Skip to contents

tl;dr: cloud-based object stores, not cloud-based compute, are the game changer.


A commonly repeated but often misguided quip about cloud-based workflows is

send the compute to the data, not the data to the compute.

It may seem intuitive that upload a few kb of code is better than downloading terrabytes of data. However, this logic can easily be deeply misleading, even if it is lucratively profitable for cloud providers.

If you are fortunate enough to care nothing about costs or have someone else covering those costs, the technical logic of this statement is accurate, though even then not in the way it is often understood. The rest of us must consider the financial cost of renting compute from a cloud provider far outweighs charges for data egress. But wait! Isn’t it just unfeasible to download terabytes of data? That is where this quip is particularly misleading. Cloud native workflows access data using range requests rather than downloading the entire dataset to the disks of a local filesystem – that is, we never really ‘download’ entire files, but instead ‘stream’ only the parts of each file we are actively using – just as we consume Netflix by ‘streaming’ the data to our local computers rather than waiting for a download that must be stored on a harddisk. Anyone with a network connection capable of streaming video can also stream research data.

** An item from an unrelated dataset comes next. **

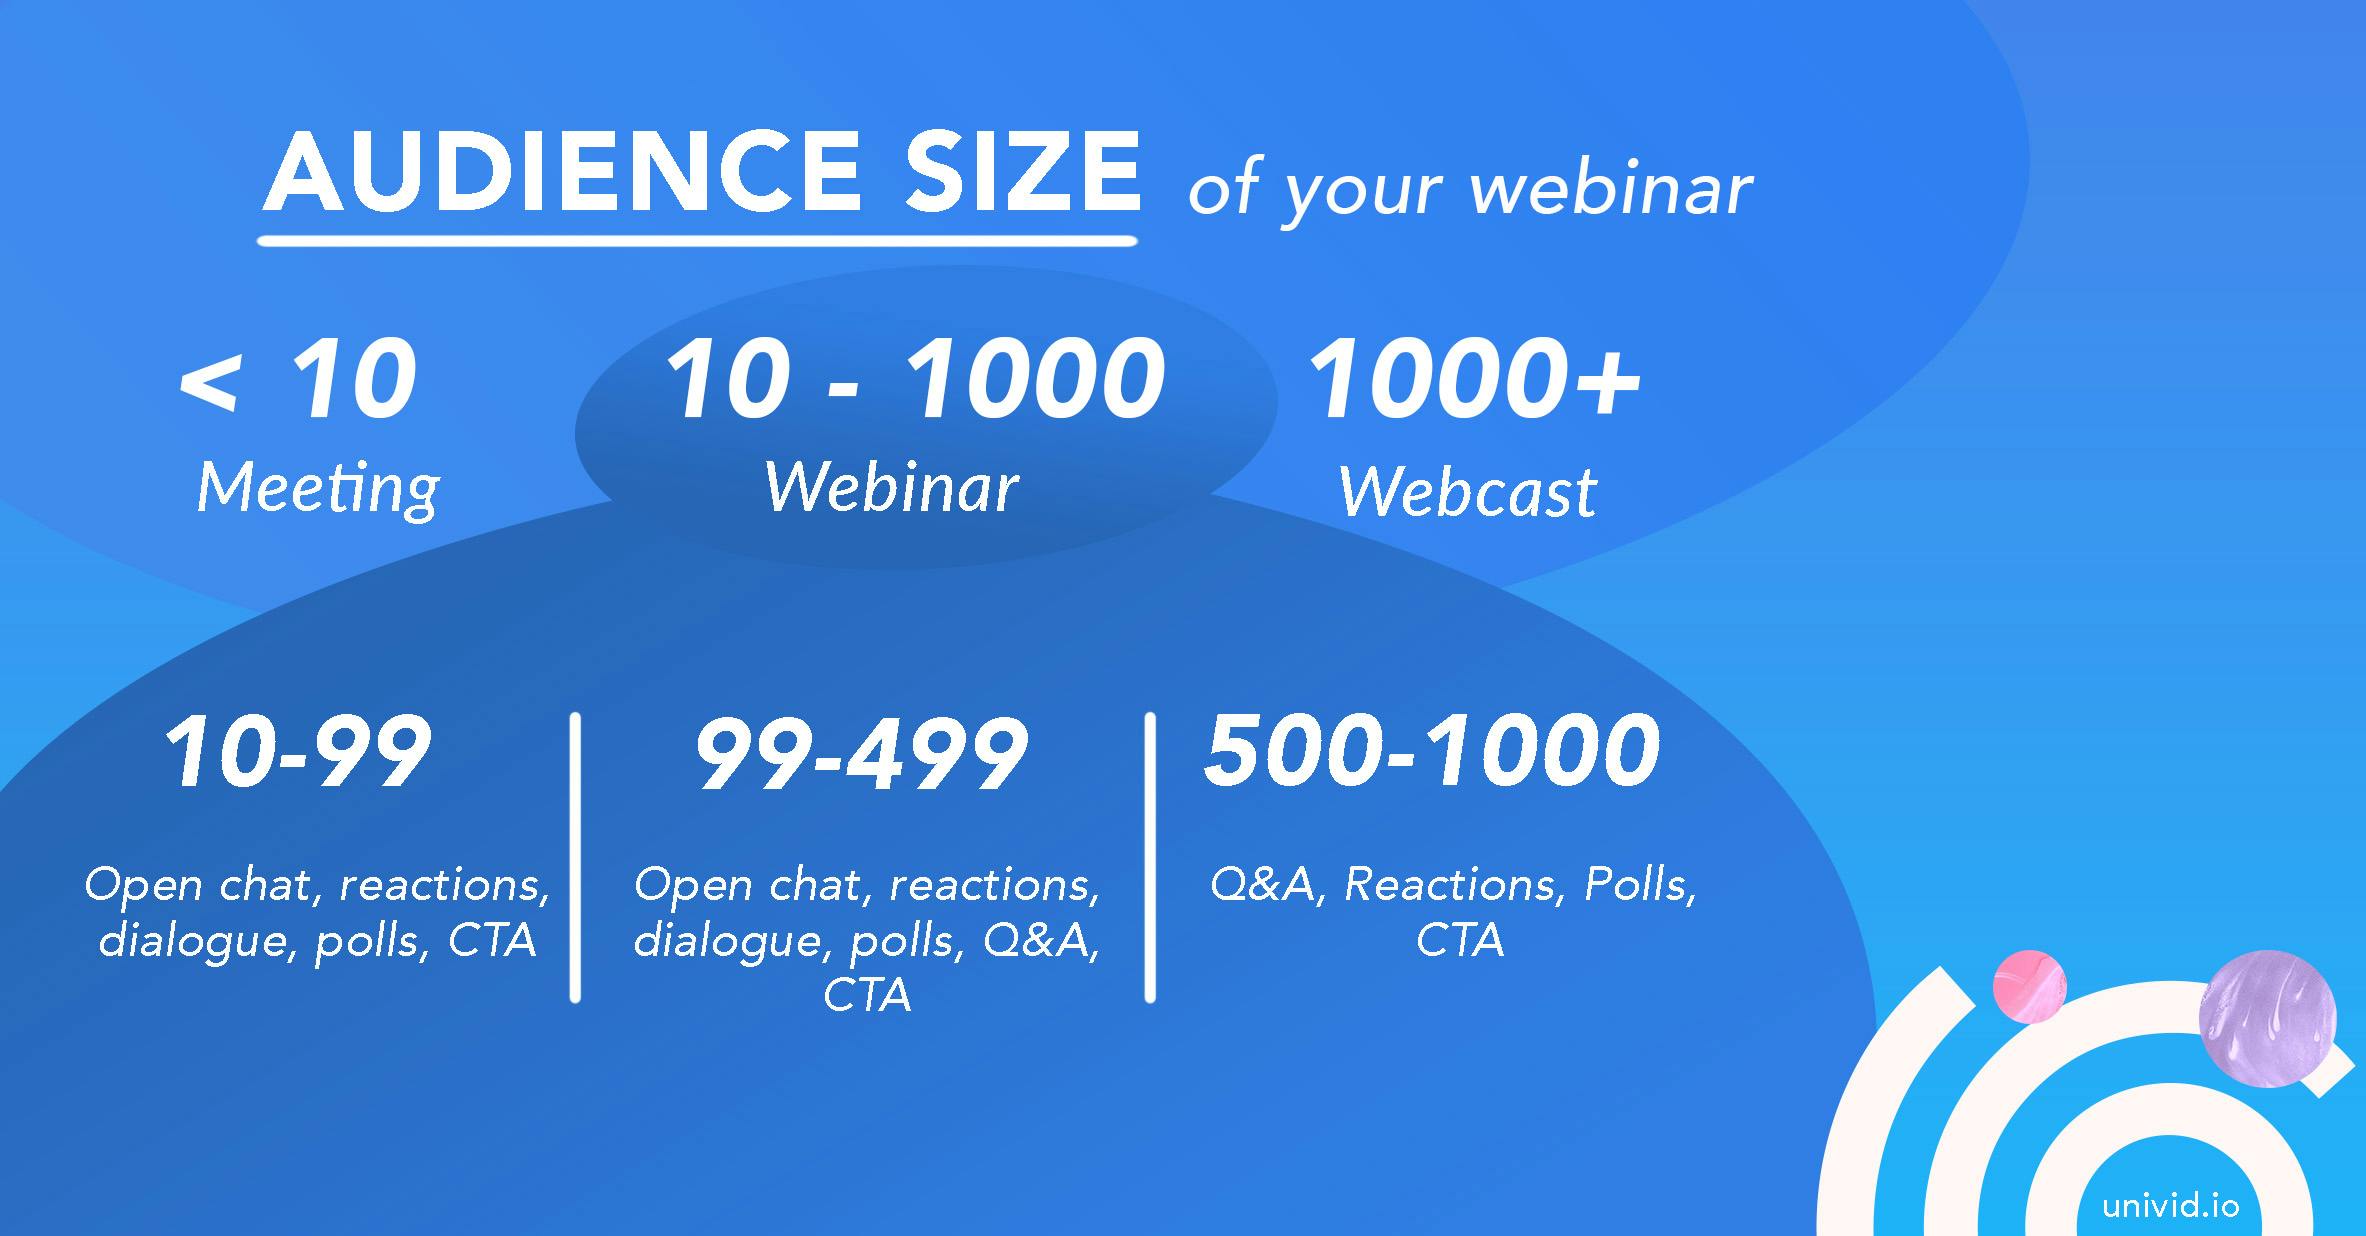  Webinar audience size determines interaction

What about all the computing power? Many users of compute instances from cloud providers are in fact renting virtual machines with less computational power than the laptops or desktops (even cell phones) they already own. Moreover, well-designed cloud-native data workflows frequently avoid onerous demands on disk speed, memory, or even cpu threads. The limiting resource in most cloud-native workflows is network bandwidth. If you have a network connection capable of streaming high-definition video, you probably already have a setup that will allow cloud-based computing.
Even if you don’t, small virtual machines are offered in a free tier by most major cloud providers. GitHub Codespaces is particularly easy environment for anyone to get started using. Free-tier machines may have limited resources – only a few cores, a few GB of RAM and limited disk space – but they almost always have high bandwidth network with speeds easily above 100 Mb/s range – ideal for cloud-native workflows.

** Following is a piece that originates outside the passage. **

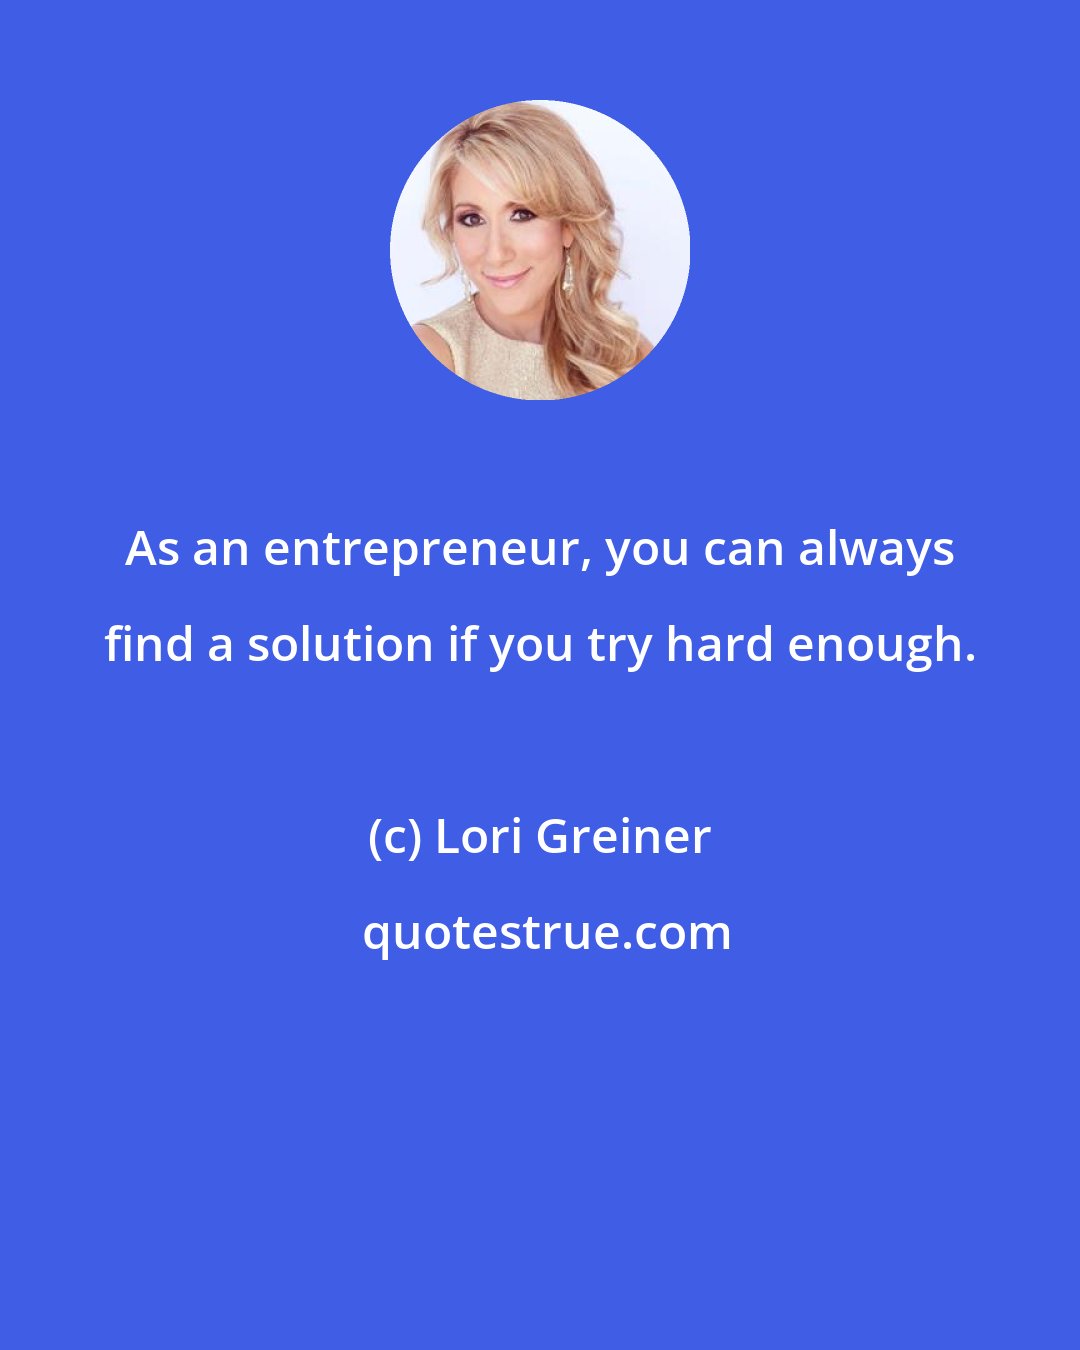 Lori Greiner: As an entrepreneur, you can always find a solution if you try hard enough.

This is not to say that it never makes sense to ‘send the code to the data’. As network bandwidth is often rate-limiting, anyone in search of the best performance will naturally want to seek out the fastest network connection to the data – the local area network of the specific regional data center housing the data. Inside the data center, the network is the fastest and most reliable (dropped packets or timeouts can be significant issues elsewhere). Even small compute inside the center can have impressive performance, and it will be the compute you can afford rather than the network speed that can hold you back.

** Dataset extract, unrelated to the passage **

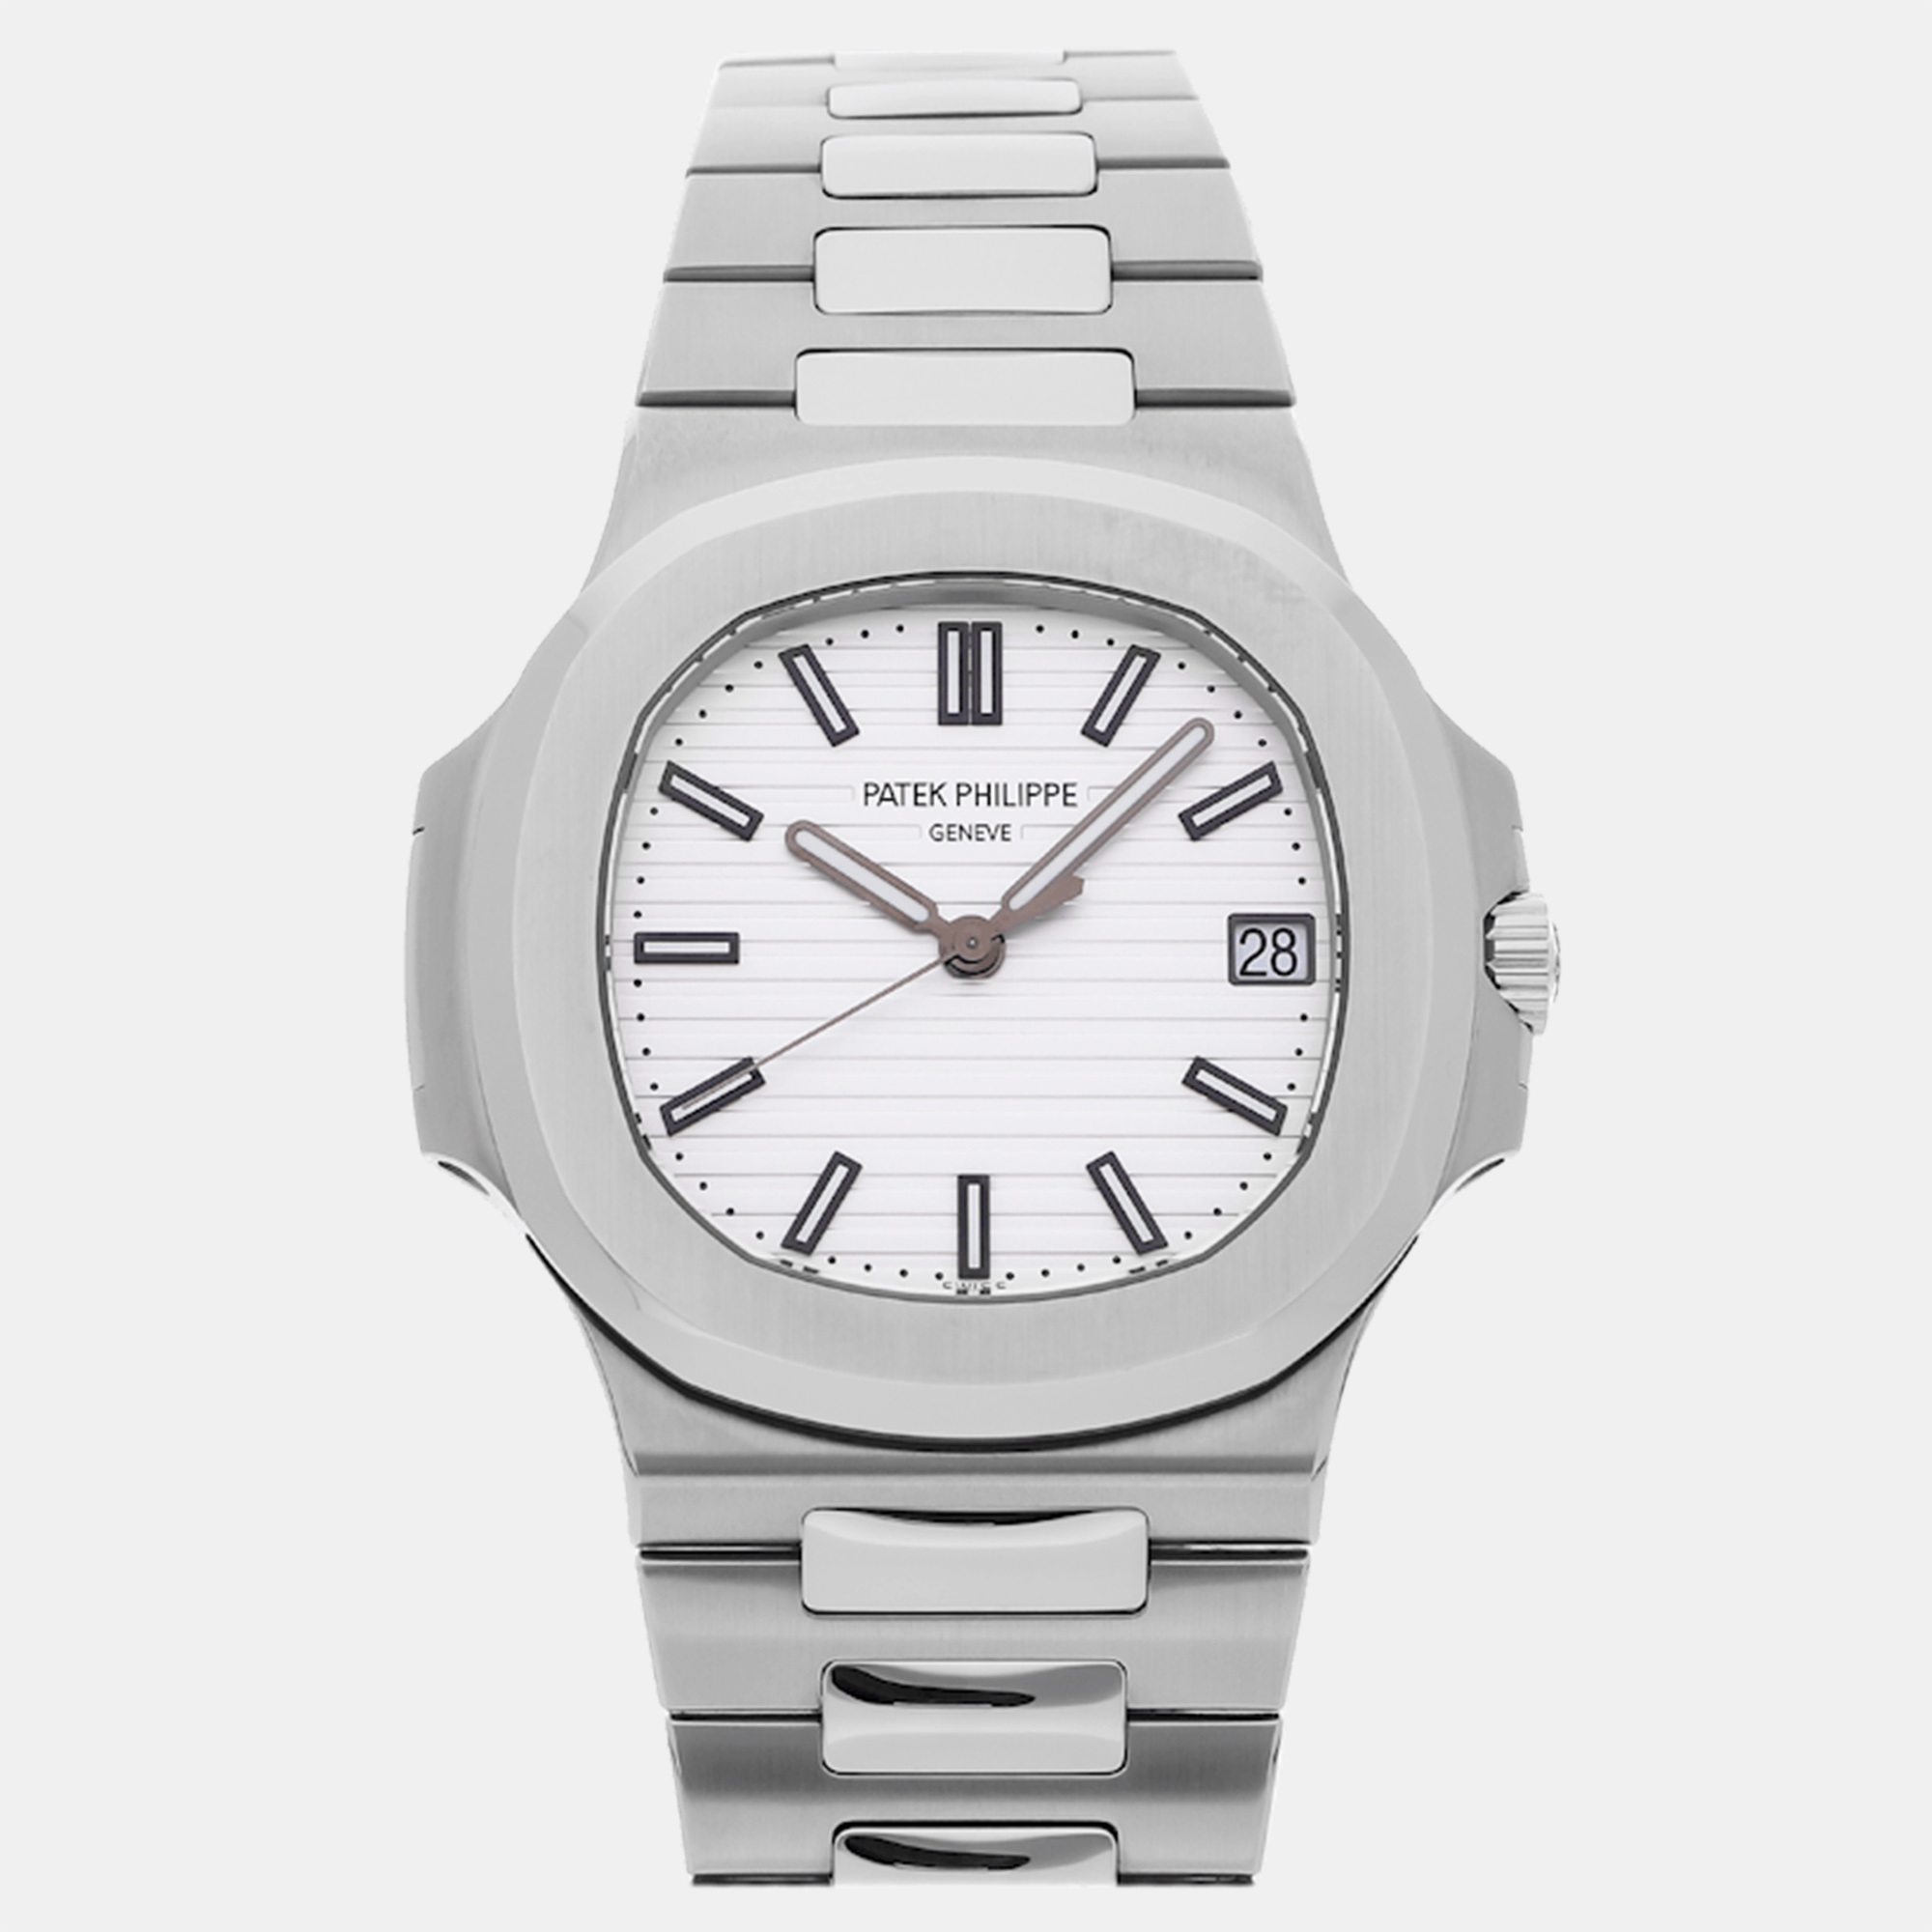 Patek philippe white stainless steel nautilus 5711/1a-011 automatic men's wristwatch 40 mm

Pricing reflects this reality. Inside the data center, there are no bandwidth charges for accessing the data, because data never ‘egresses’ from the data center over the internet. In contrast, sending large amounts of data over public internet networks is not free to Amazon or the other cloud providers, and so they pass these charges onto their customers as egress rates (around $0.02/GB in us-west-2). Amazon is happy to levy these charges against either the requester or the provider of the data (and may waive the charges in the case of some public datasets – of course as a consumer it is not possible to distinguish this from a provider-pays contract).

Earthdata

NASA EarthData has taken a somewhat novel approach to this situation. To allow users to access these publicly funded data resources without paying Amazon for the privilege, NASA has created an EarthDataLogin system that routes public https requests to these data products through a system of redirects in a CloudFlare content distribution network. Adding this extra routing gives NASA a mechanism for imposing rate-limits – reducing egress costs by throttling the rate or amount of data any one user can access. (AWS does not offer data providers the ability to set such rate limits directly.) This routing requires users to register and provide an authentication token, both which are freely available through the EarthDataLogin platform and API. I prefer this mechanism as the default, because code written to use this mechanism is portable to any compute where a network connection is available. This approach actually supports a two different implementations. One approach is to use HTTP Basic Auth, supplying a user name and password (typically using a .netrc file). Another uses a Bearer <token> in the request header, an authentication mechanism introduced by HTTP OAuth 2.0.

If users are willing to pay Amazon for compute inside us-west-2, they can take advantage of extremely fast network without paying egress charges (since no data egress occurs.) Perhaps surprisingly, this internal access still requires authentication to generate AWS access tokens (an id, secret token, and a session token). These tokens will only work from compute inside the AWS data center – trying to use these tokens from other machines will throw an Access Denied error. More inconveniently, these tokens are specific to each of NASA’s 12 different DAACs (despite all 12 DAACs using us-west-2 to host their data. This gives the DAACs some insight into use statistics that could also be obtained by the S3 logs anyway). Most inconveniently of all, these tokens expire after one hour and must be renewed, potentially interrupting precisely the kind of intensive, long-running computations a user would want to be inside the local area network to run.